I think it’s personal drama in part because there’s no common sense in it. Common sense tells you that when the actual physical safety of Americans is threatened by extremists who’ve declared a holy war, and when those extremists have, or can get, terrible weapons that can kill thousands or tens of thousands or more, and when the American government is trying to keep them from doing what they’d like to do, which, again, is kill—then you’d think twice, thrice, 10 times before you tell the world exactly how the government is trying, in its own bumbling way, which is how governments do things, to keep innocent people safe and bad guys on the run.
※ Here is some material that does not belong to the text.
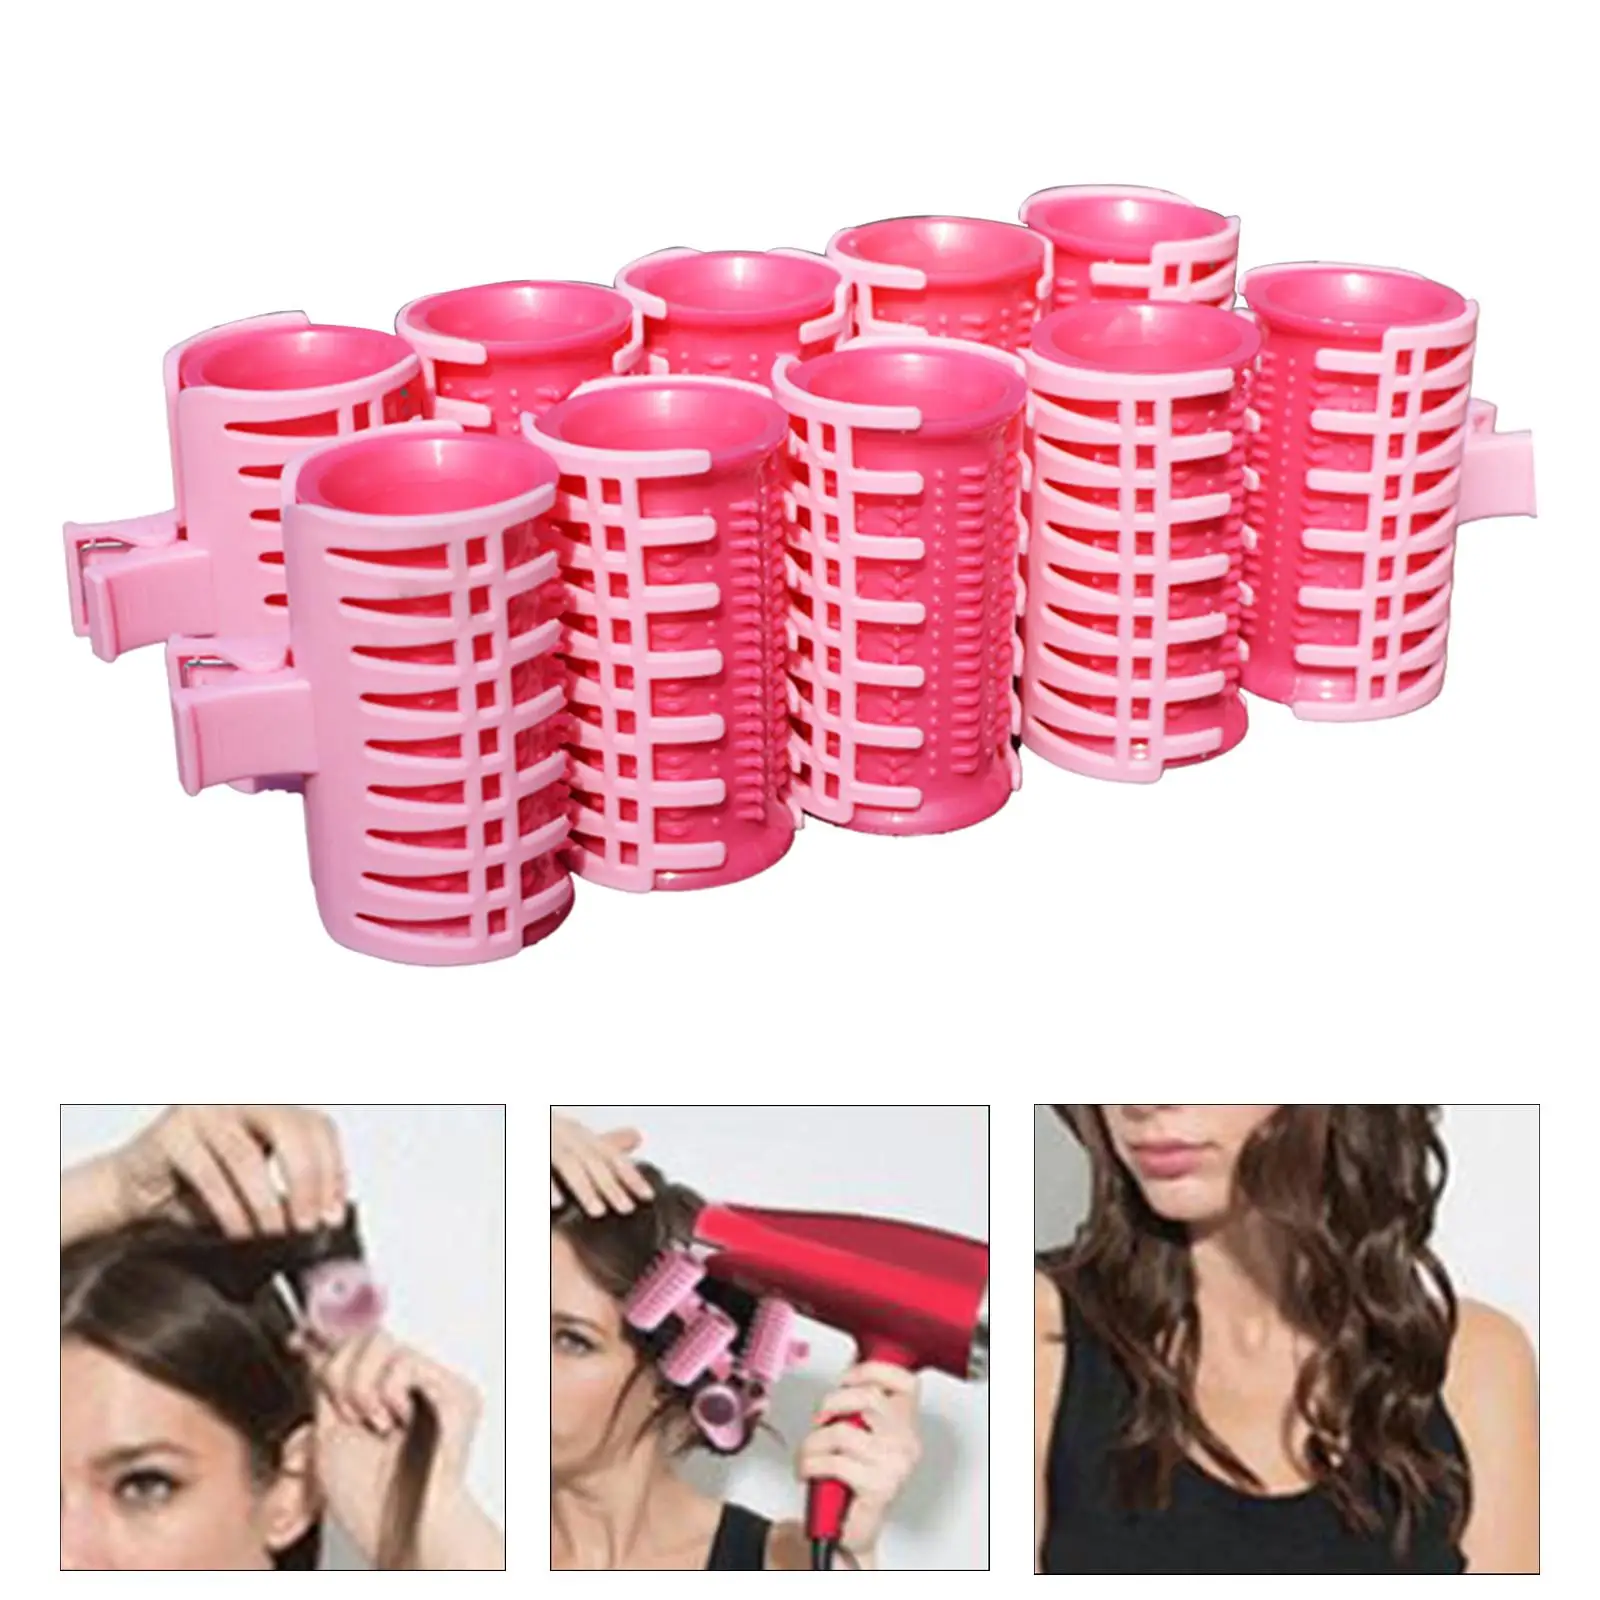 Roller Curlers Air  Folding Self  Barrettes Candy Color Beauty grip by self Set for Household DIY Girl  Women

It is kind of crazy that the Times would do two stories that expose, and presumably hinder, the government’s efforts. But then it strikes me as crazy that every paper that has reported the latest story—that would include The Wall Street Journal—would do so. Based on the evidence that has become public so far, the Journal, like the Times, and the Los Angeles Times, seems to me to have made the wrong call. But to me it is the New York Times, of all papers involved, that has most forgotten the mission. The mission is to get the story, break through the forest to get to a clear space called news, and also be a citizen. It’s not to be a certain kind of citizen, and insist everyone else be that kind of citizen, and also now and then break a story.

Forgetting the mission is a problem endemic in newsrooms now. It’s why a lot of them do less journalism than politics. When you’ve forgotten the mission you spend your days talking about, say, diversity in the newsroom. You become distracted by tertiary issues. (Too bad. The news doesn’t care the color or sex of the person who finds it and reports it.) You become not journalistic and now and then political, but political and now and then journalistic.

It’s sad. Though I guess if you’re the Times you take comfort in the fact that even though you’re not as important as you used to be, you’re just as destructive as ever.

*   *   *

I am fascinated by Barbara Walters’s opening statement on “The View” yesterday, regarding the departure of Star Jones. I am fascinated not because it was open to being read between the lines, but begged to be read between the lines. As in:

    “If you were watching the program yesterday, you would have heard Star announce that she’s leaving THE VIEW and will not be on the program next fall. She gave us no warning. And we were taken by surprise.”

    She tried to get control of the story. That was a mistake. I am Barbara Walters and I control the story.

    “But the truth is that Star has known for months that ABC did not want to renew her contract and that she would not be asked back in the fall. The network made this decision based on a variety of reasons which I won’t go into now.”

    When she lost weight, her face got scary.

    “But we were never going to say this. We wanted to protect Star. And so we told her that she could say whatever she wanted about why she was leaving and that we would back her up. We worked closely with her representatives and we gave her time to look for another job. We hope she would announce it on the program and leave with dignity.”

    We told her to come up with a lie and promised to spin it with her. This is how you show loyalty in modern America. Some thanks!

    “‘The View’ helped make Star a star and Star helped make ‘The View’ the success that it is.”

    Good luck on “The E! True Hollywood Story” with Debbie Metapopolis or whatever her name was.

Everyone should stop spinning. Because America is now a country composed of people who know better than anything how to deconstruct spin. It’s our great national talent.